Выбрать главу

А как мы притеснили немцев с их Vertreibung! Мы перевели это слово как "изгнание", а не "изгонение". То есть, именно с помощью вида — образуя подвижную реальность. Относительную реальность. А так им и надо, следовало разработать себе в грамматике виды[23]. Veni, vidi, vici. Вот же удивлялись! На протяжении веков они превратились в реалистов релятивизма. Парадоксально, но именно таким же образом закончилась наша старая борьба с номинализмом и во имя Правды.

Но это еще не все: поскольку мы не знаем артиклей, наш человек никогда не знает, либо — что, похоже, еще более важно — никогда и не должен иметь уверенность, идет ли речь о Wahrheit (правда — нем.) вообще, о eine Wahrheit (некоей правде — нем.) или, возможно, о die Wahrheit (Правде одной и единственной). Гус наверняка имел в виду как раз последнюю. Зато мы без всякого смущения можем думать о любой другой. Жизнь без артиклей, это немножечко типа жизни без обязательств. Кто знает, а нет ли, случаем, какой-нибудь — скажем себе так — еще более победной правды, чем та, которая сегодня здесь вот побеждает… В подобной ситуации жизнь в правде — это как раз забава.
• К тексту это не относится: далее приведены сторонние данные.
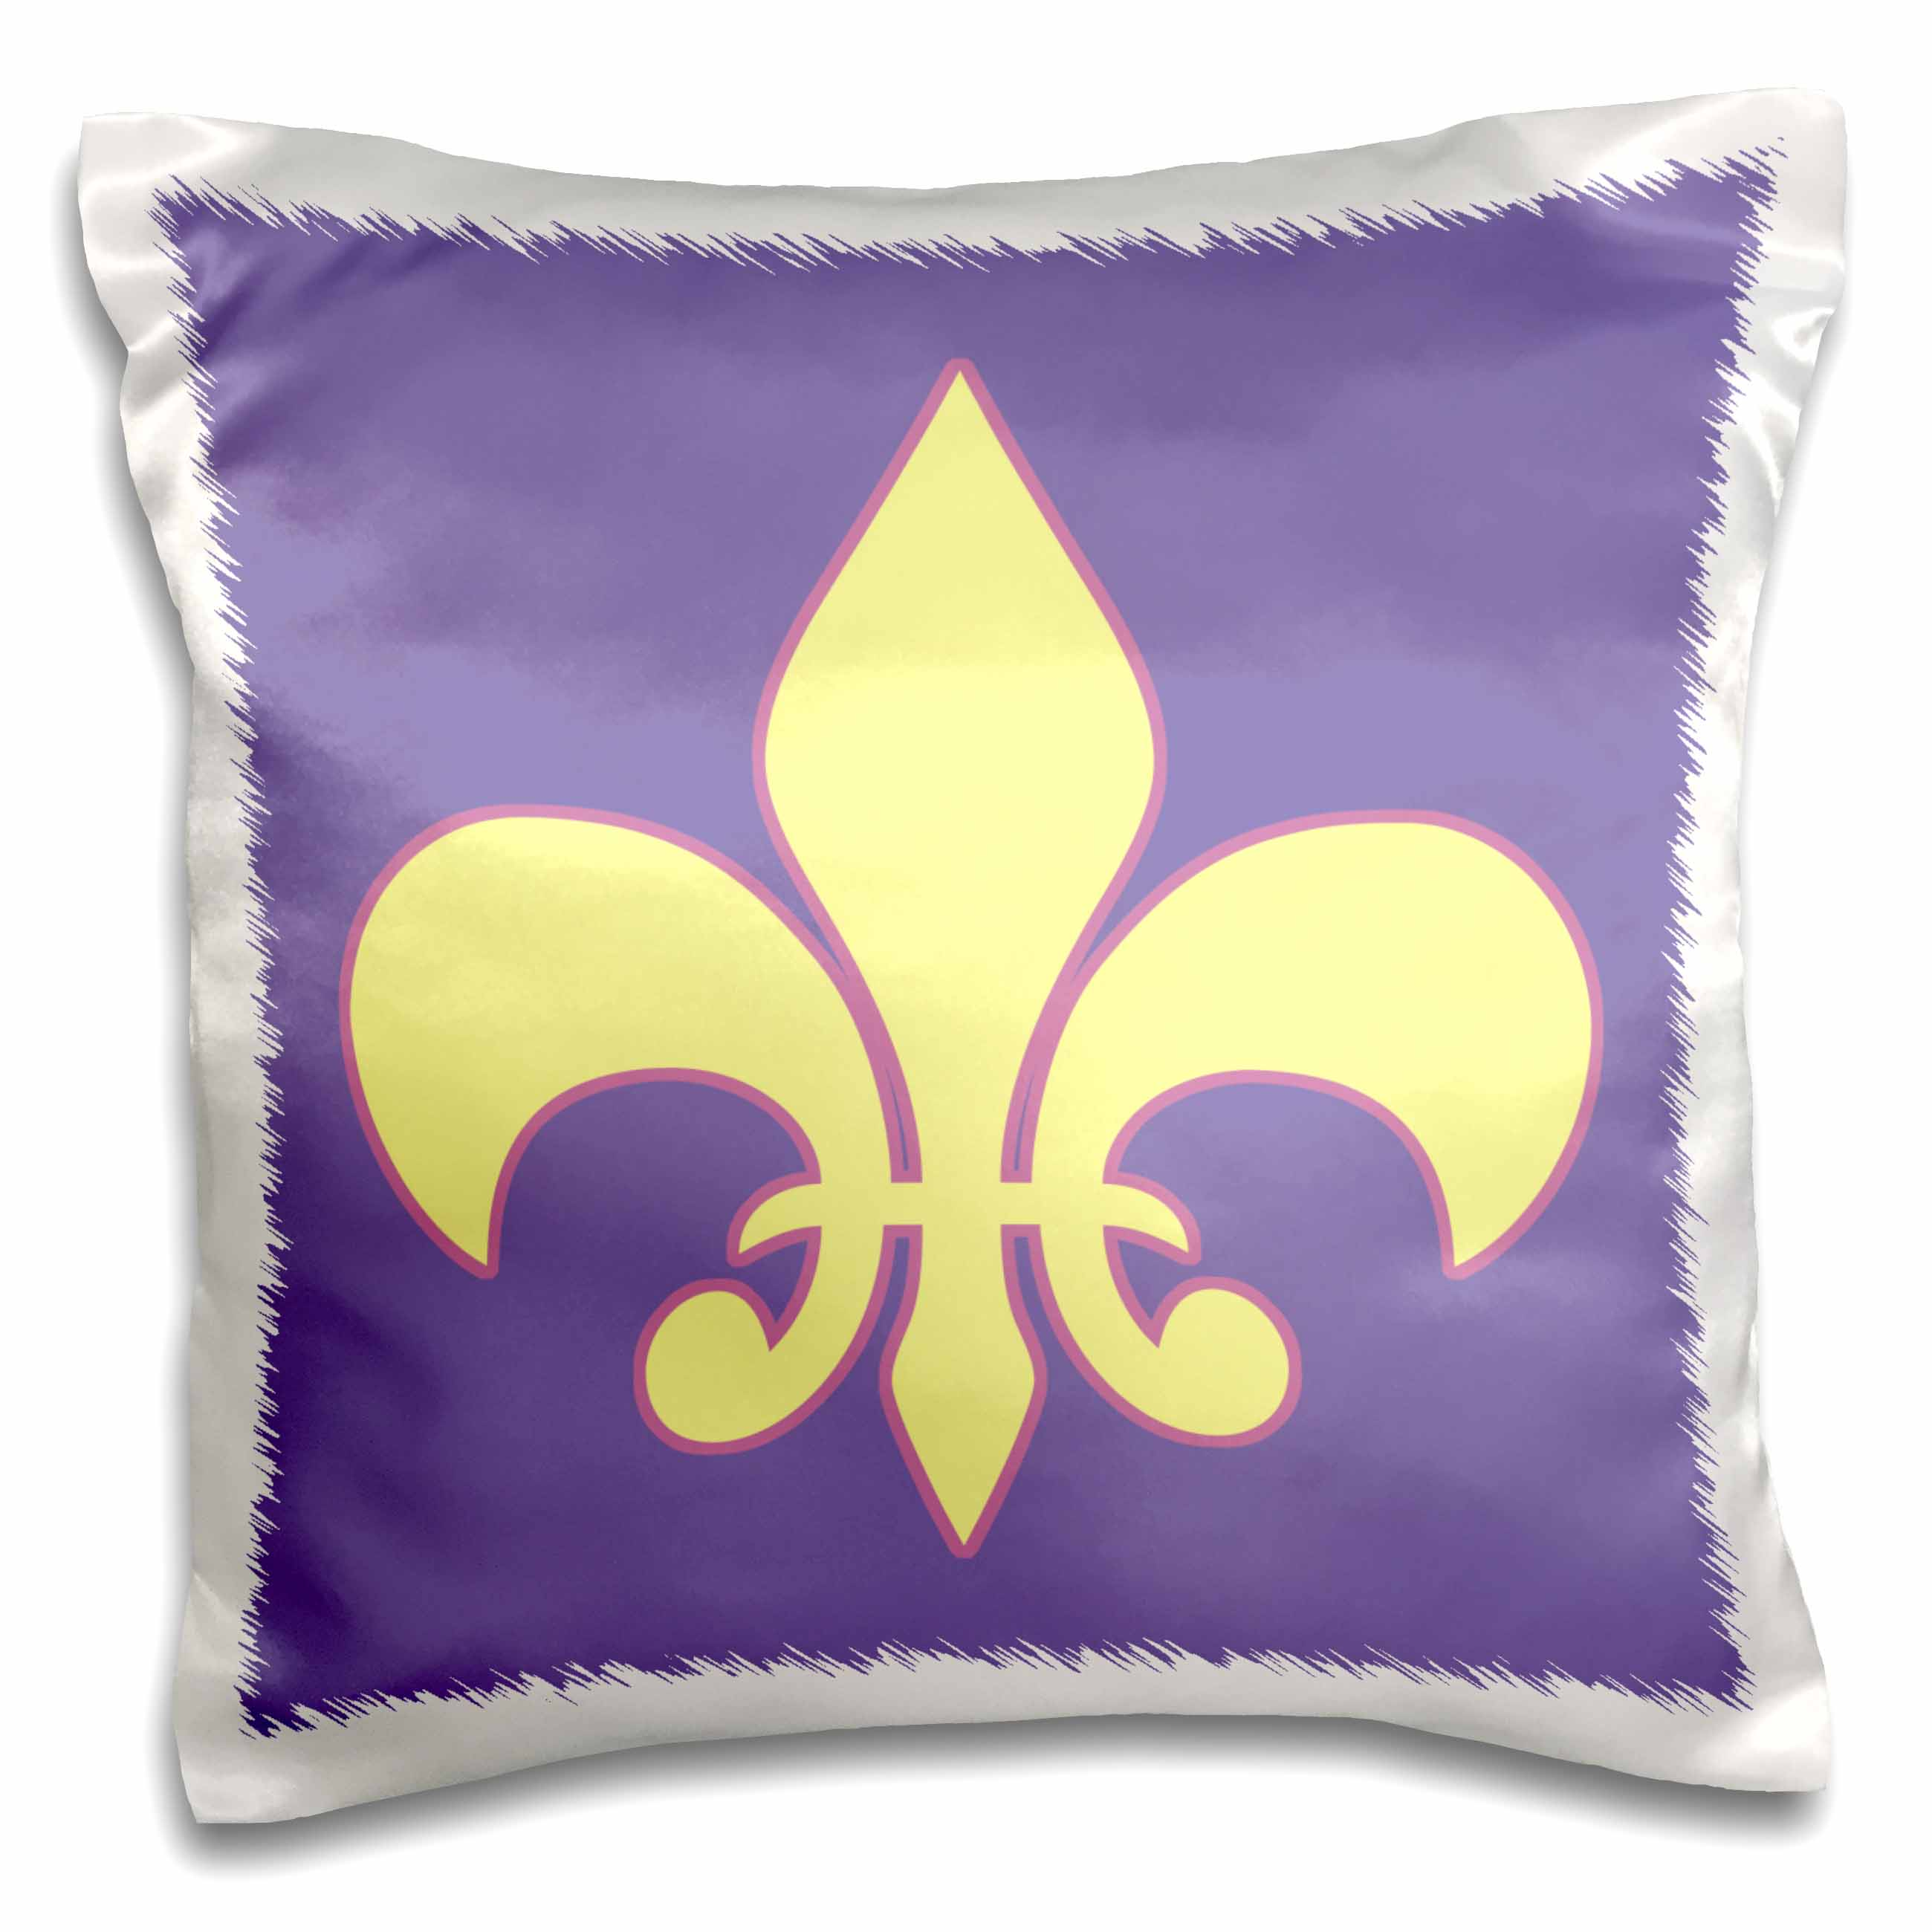 3dRose Pale Canary Yellow Fleur-de-lis outlined purple, lavender background, Pillow Case, 16 by 16-inch

Со всей уверенностью мы можем предлагать ее миру, ведь наверняка это никак не монашеская жизнь. В конце концов, побеждали мы довольно нерегулярно, а по поводу правды с артиклем, хотя всего лишь предположительным (Гус, гуситы), "пострадали" настолько ужасную победу, что с того времени щепотка неконкретности нам казалась чем-то более здоровым. Из правды без артикля мы создавали новый грамматический род. Ну прямо тебе божественный товар! Понятное дело, мы ведь не утверждаем, будто бы правды вообще нет, не говорим мы и того, что правда не умела побеждать, вот только нам хотелось бы знать: в каких обстоятельствах и когда.
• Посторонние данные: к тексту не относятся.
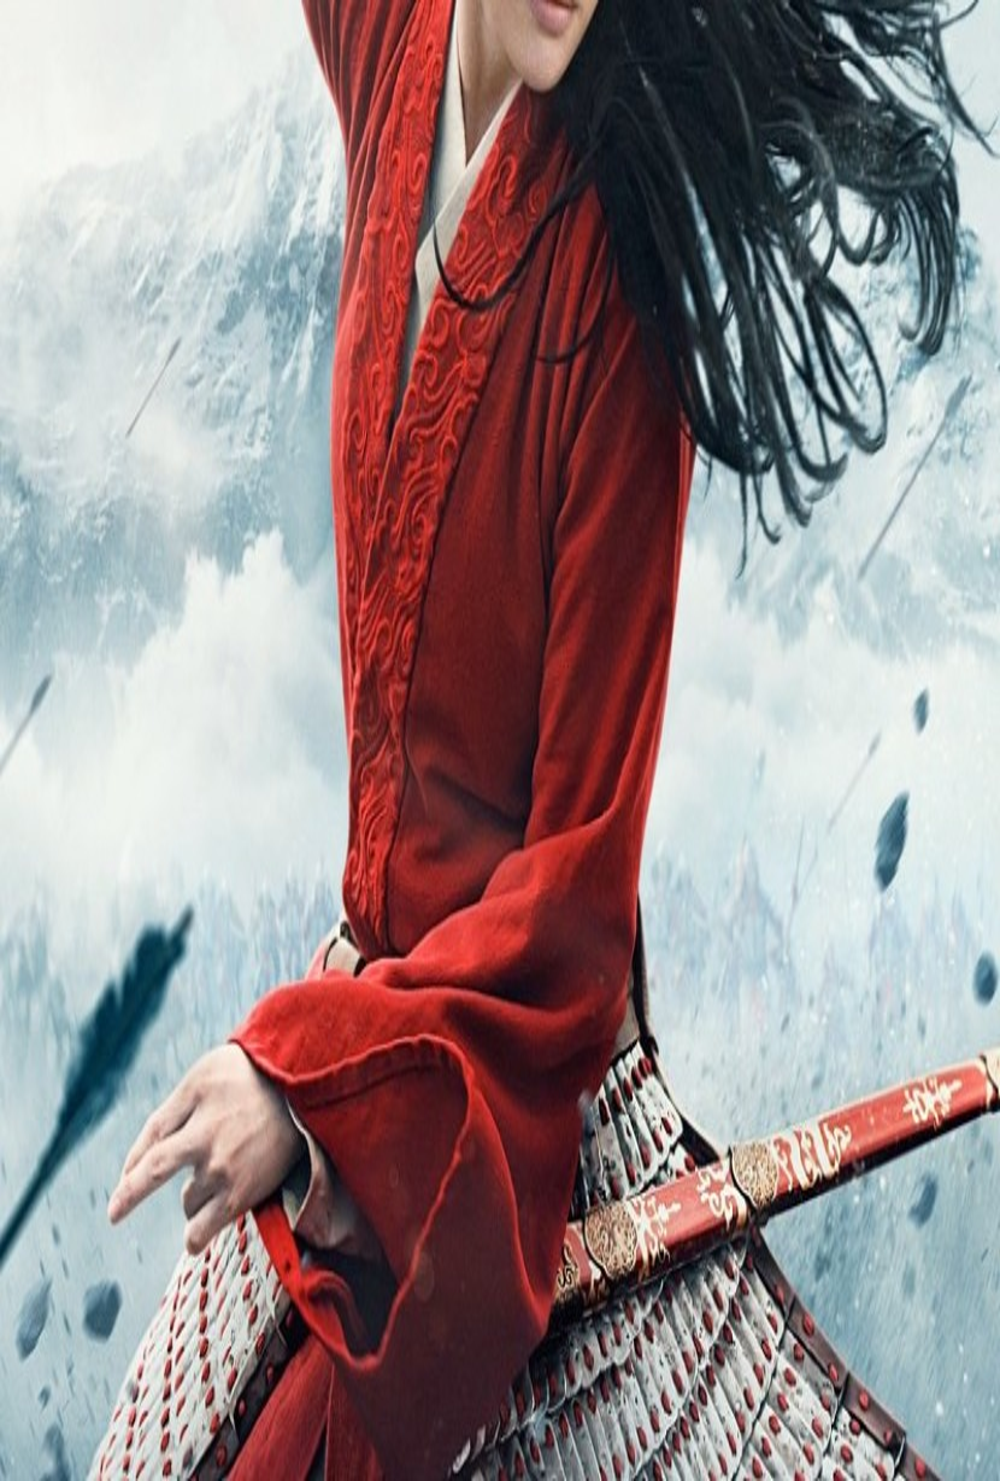 Mulan: Νέο trailer για τη live-action μεταφορά της Disney

Потому-то родилась правда людей, имеющих дачу, и "жизнь в правде" на даче. Не какая-то там особенно безумная и изысканная, но и не нищенская. Облученные светом истории — читай: взрывами и короткими замыканиями наших несчастий — мы весьма неохотно покидаем духоту и жару наших летних домиков, чтобы — будучи похожи на гипсовых гномов в садах — через ограду посмеиваться над подозрительными новинками, которые появляются вокруг, поскольку мы заранее уверены, что те не примутся.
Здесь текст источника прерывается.